BETA

Orderliness crucial quality for Elder Koelliker

Standing in holy places helps prepare new Seventy

A common comment over the years by children of Elder Paul E. Koelliker as they visited their father in his office in the Church Office Building was the neatness of his desk.

They marveled that at the end of the day their father, whose desk would often be buried under stacks of paperwork of the day, took time to carefully and thoughtfully organize each bit of paper into tidy piles for filing.

Orderliness, he says, tends to peace and harmony — crucial qualities of spirit for the director of the Church's Temple Department.

He isn't obsessive compulsive about order, says his wife, Ann. Nor is he finicky. But in being organized, detailed and orderly, he has created a calm at home and in the department.

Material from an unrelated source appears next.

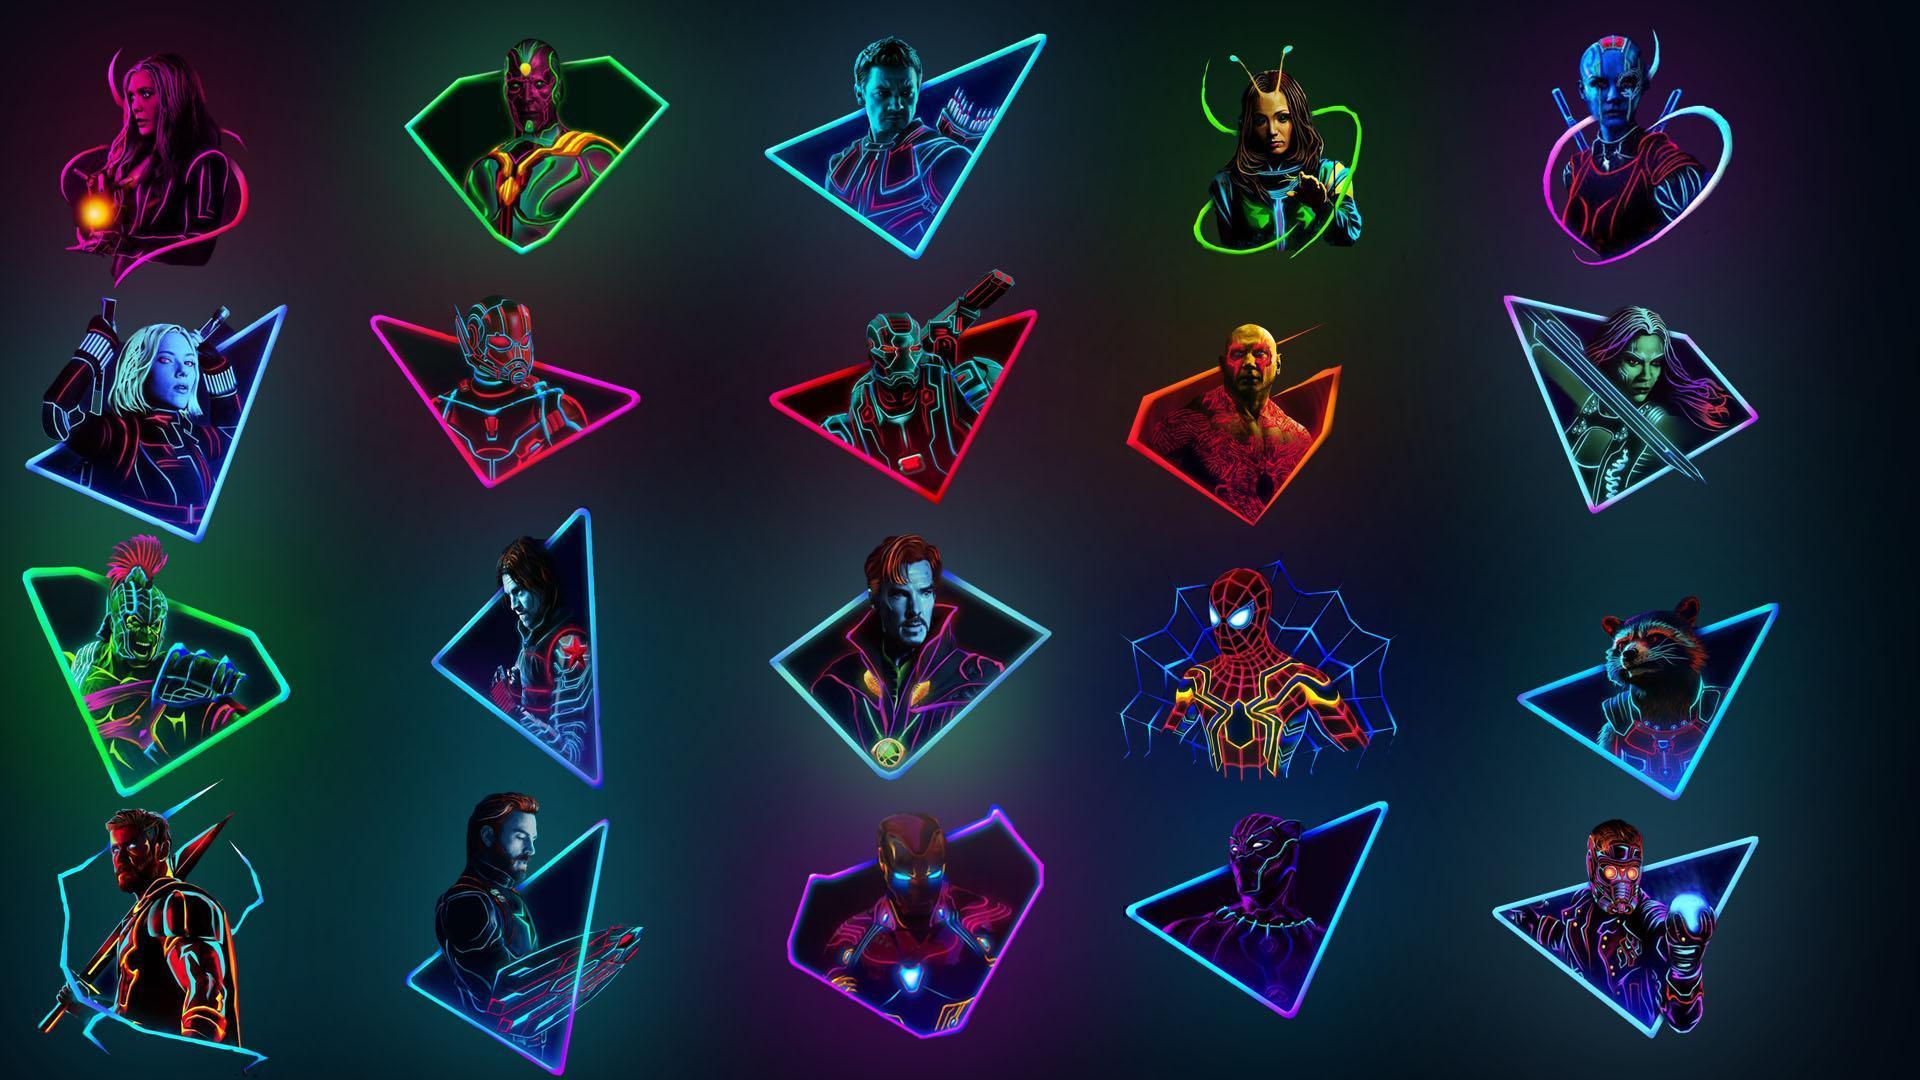 Neon Art Wallpapers Top Free Neon Art Backgrounds Wallpaperaccess

Elder Koelliker, whose call to serve in the First Quorum of the Seventy was announced April 2 during general conference, radiates a deepened sense of peace and contentment that comes of standing in holy places — including assisting President Gordon B. Hinckley in the dedication of 69 temples.

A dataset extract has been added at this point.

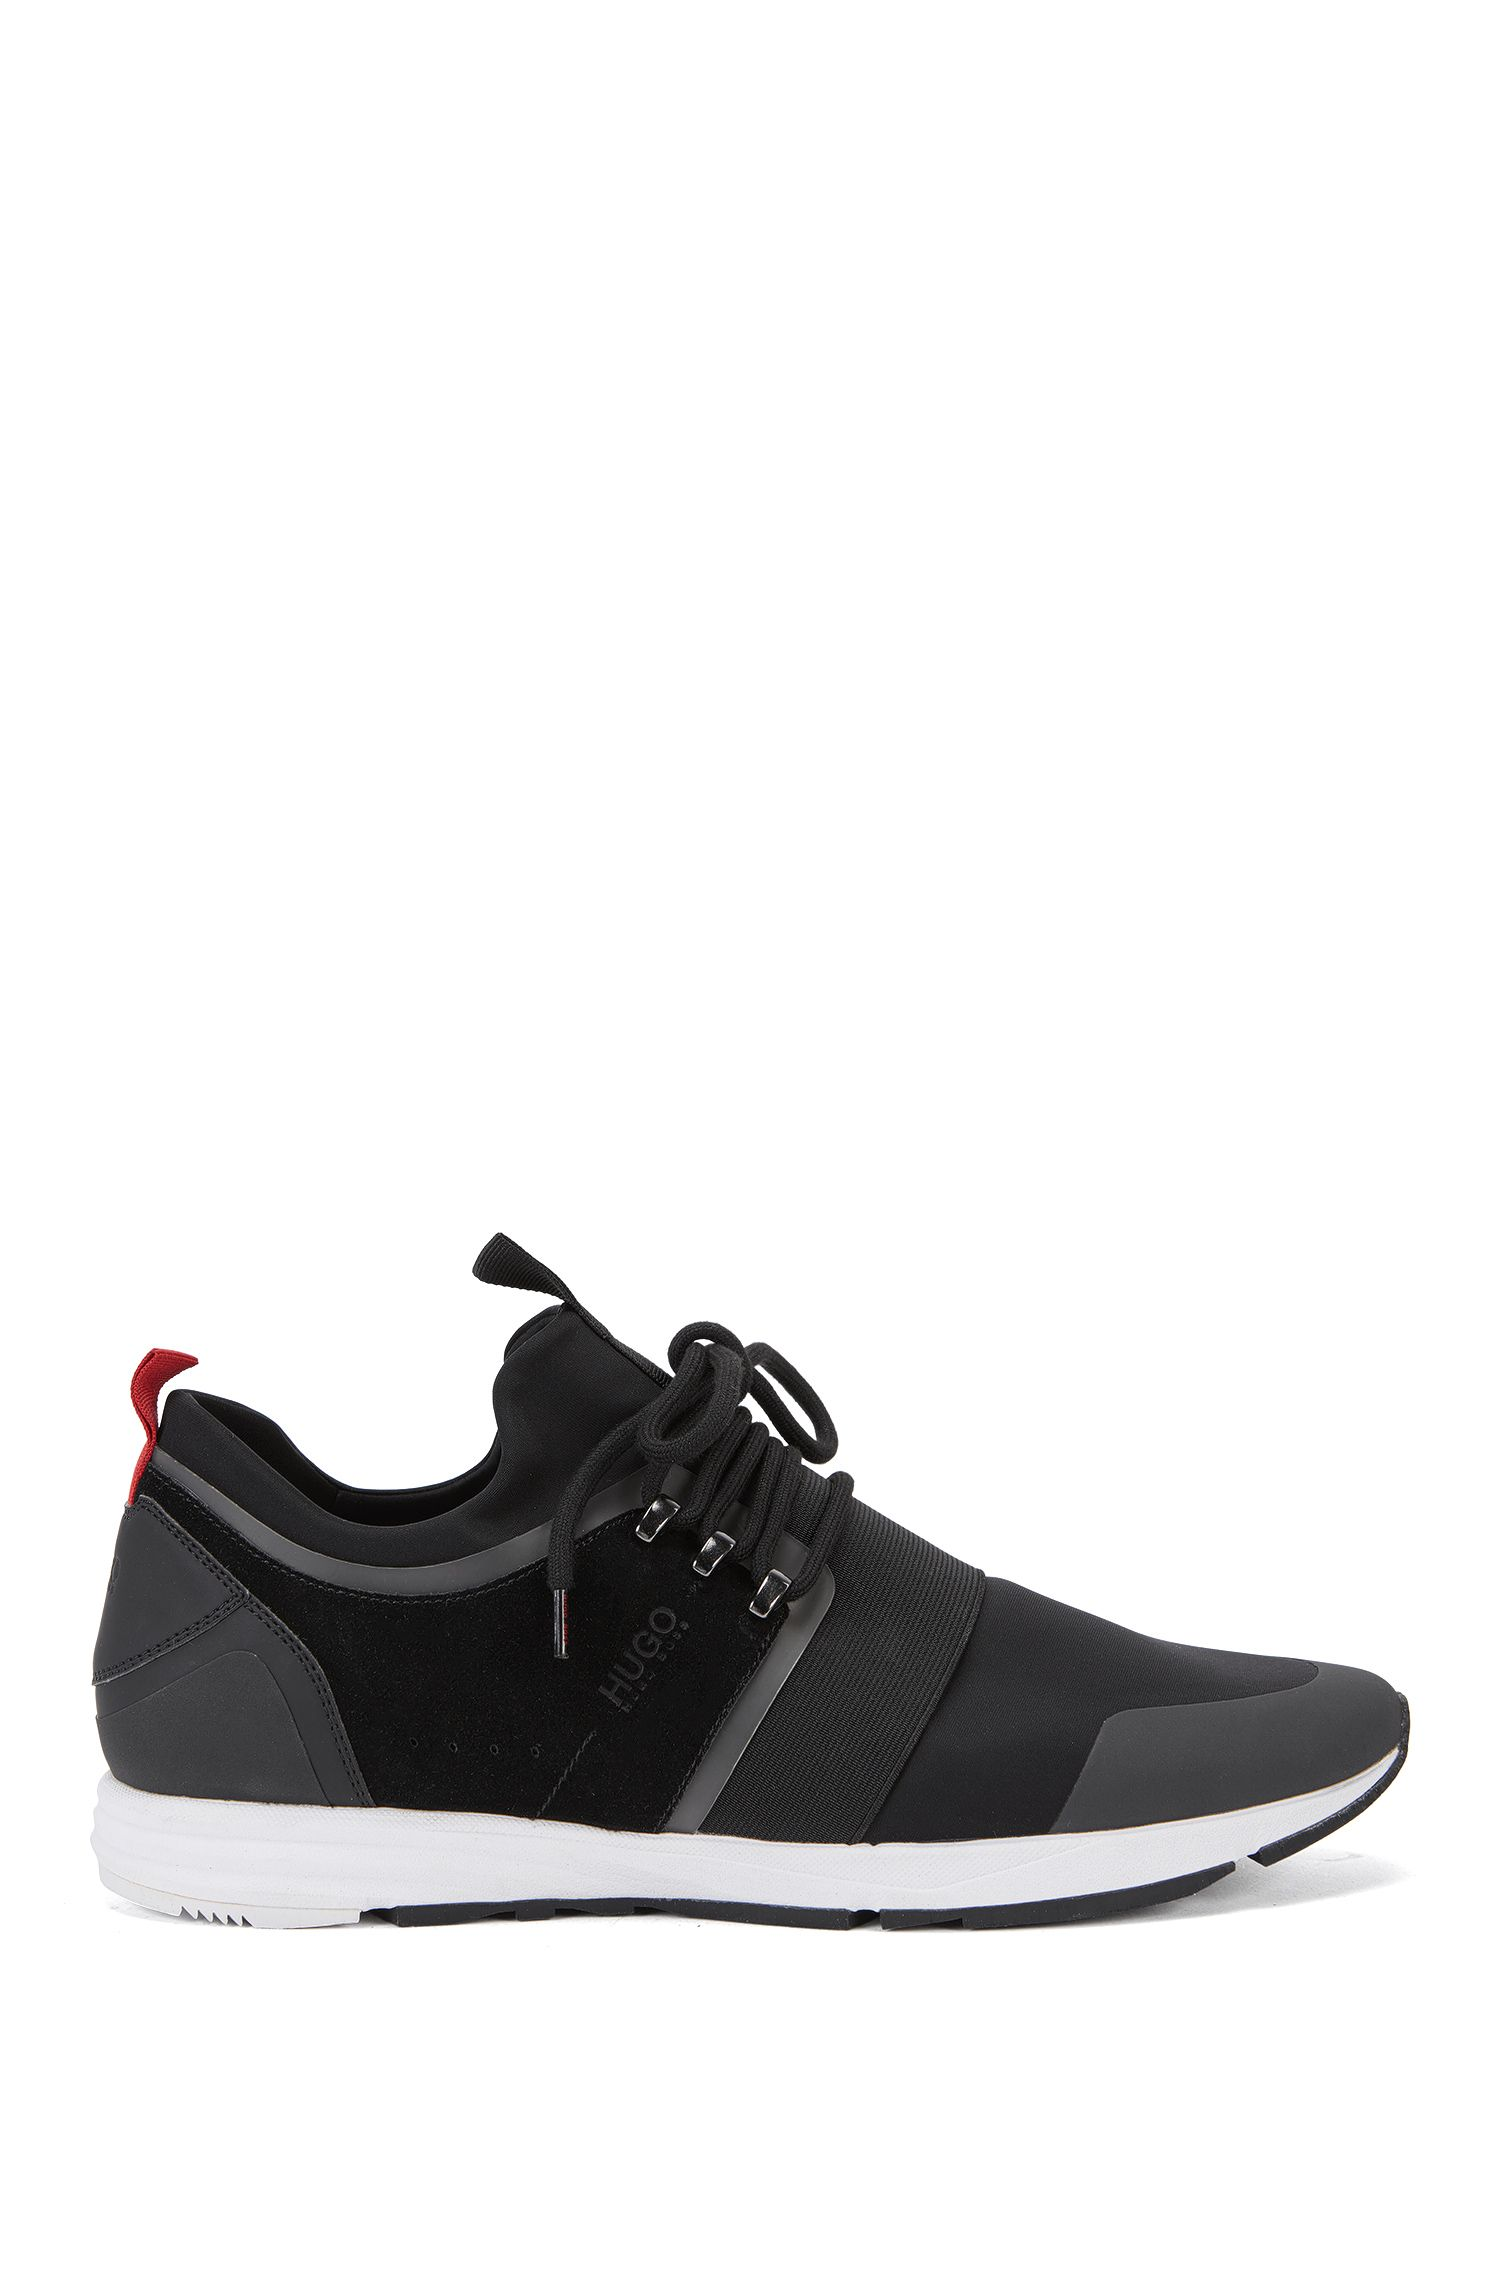 Sneakers met Vibram-zool en elastisch banddetail

As managing director of the Temple Department, Elder Koelliker stood at the confluence of the greatest temple-building activity in the history of the world.

Named managing director of the department in November 1997, he was still figuring out his new bundle of keys when President Hinckley announced ambitious plans to construct 30 temples.

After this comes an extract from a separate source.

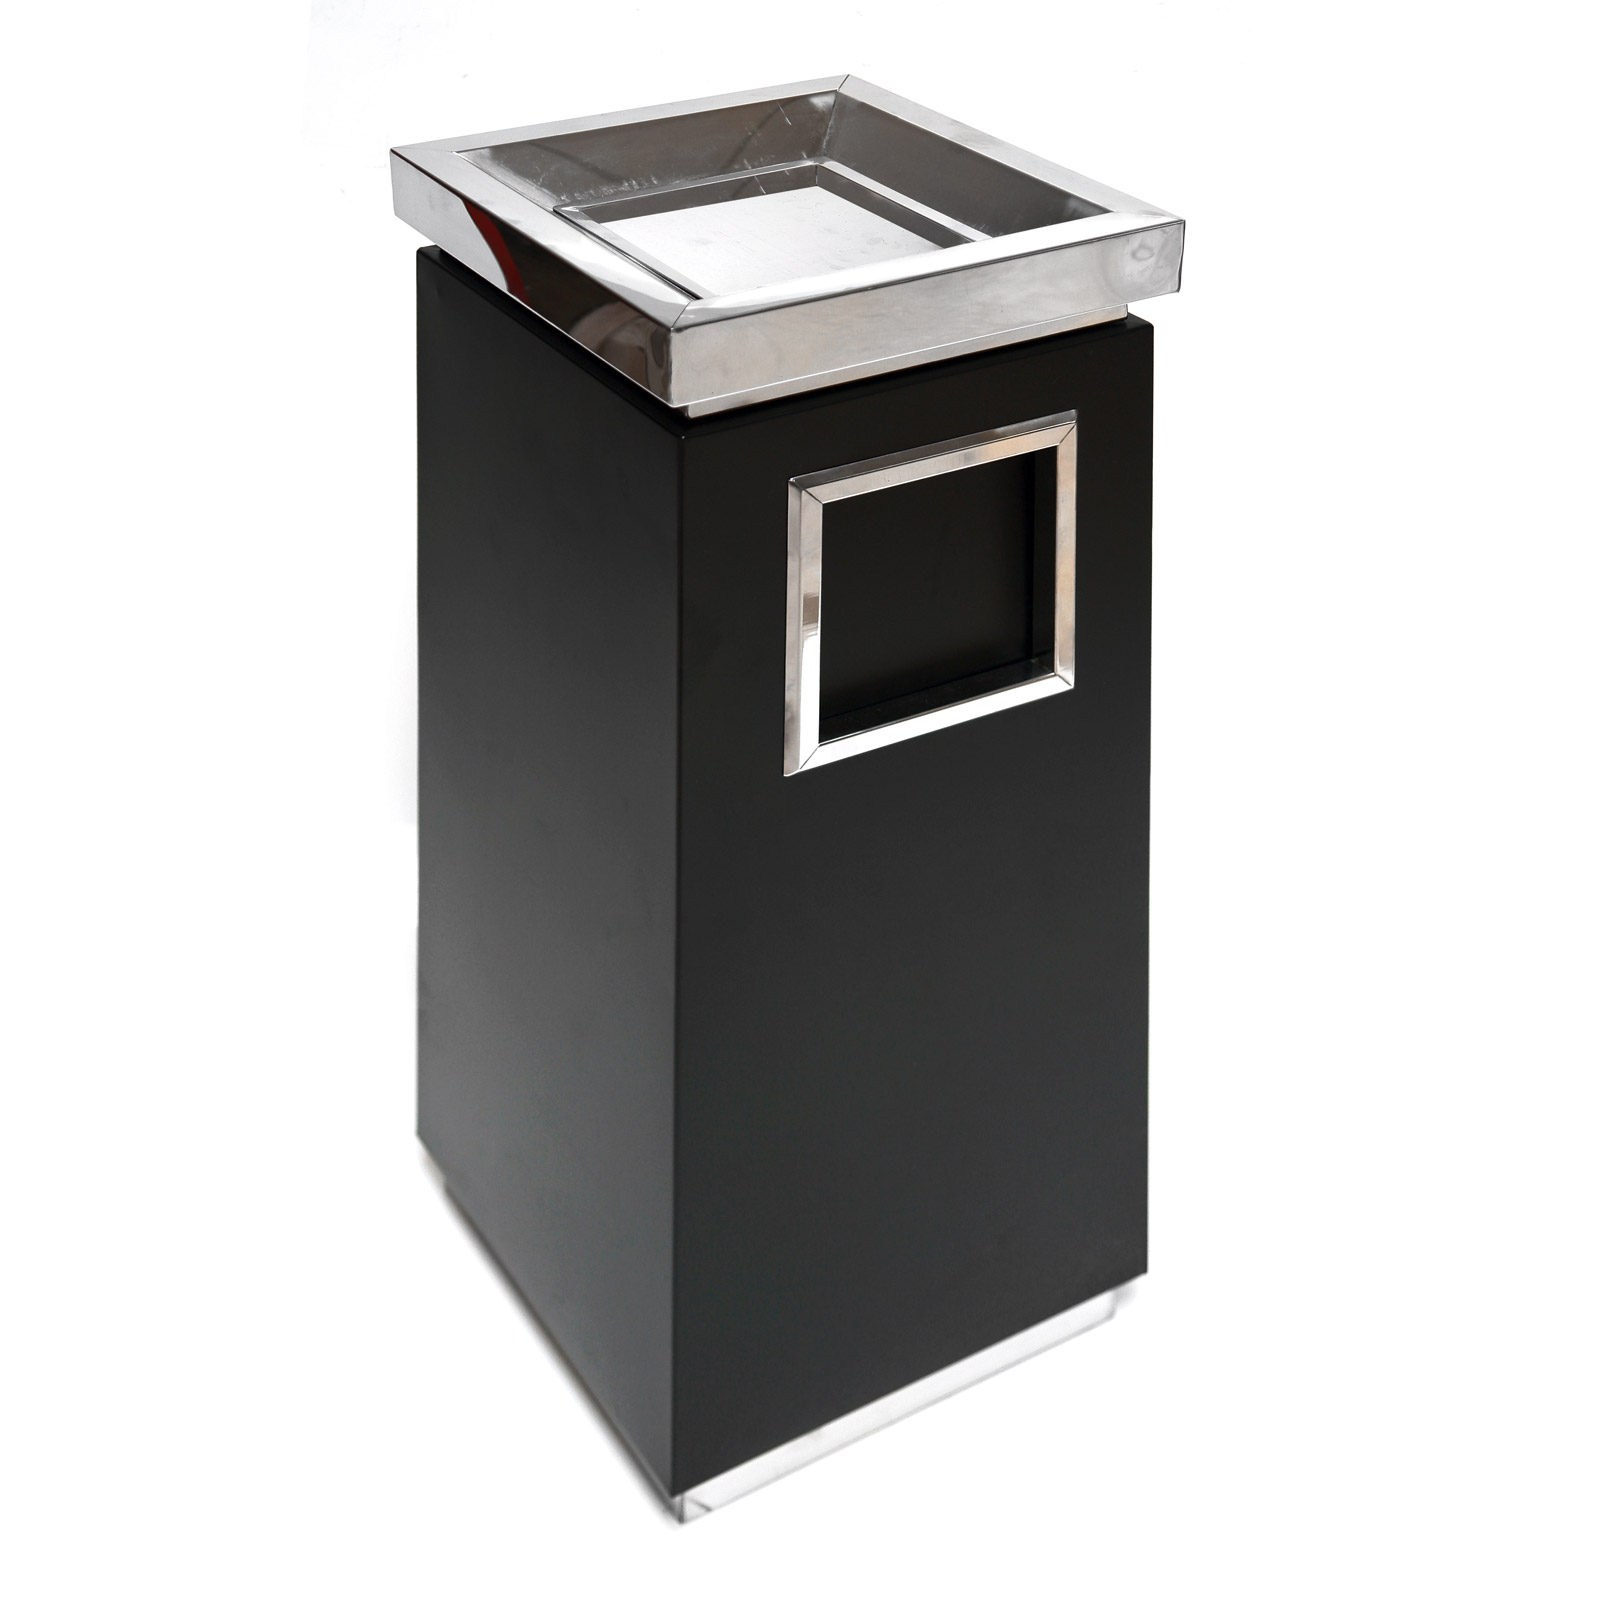 standaschenbecher schwarz 28x28x65 cm f r drau en 17275 ebay. Black Bedroom Furniture Sets. Home Design Ideas

There were 51 operating temples at the time. When the dust finally settled nearly three years later at the end of the year 2000, there were 102. Another 18 have since been dedicated.

The story of this epic temple-building period, according to Elder Koelliker, is not told in the occasional 23-hour work day, or in the 23-day work period, but in the vision of the Lord's prophet.

Witnessing up close and firsthand the prophetic mantle of President Hinckley, Elder Koelliker shares a tender testimony of a humble servant of the Lord who has learned after years and years of service how to do what the Lord wants.

"He is the exemplar of hard work and steadfastness," Elder Koelliker said of President Hinckley. "The rest of us are just trying to emulate."

With the work of building so many temples shared with the Presiding Bishop's Office and the temple construction department, Elder Koelliker focused on preparing members to perform temple ordinances in places where previously there had been no temples.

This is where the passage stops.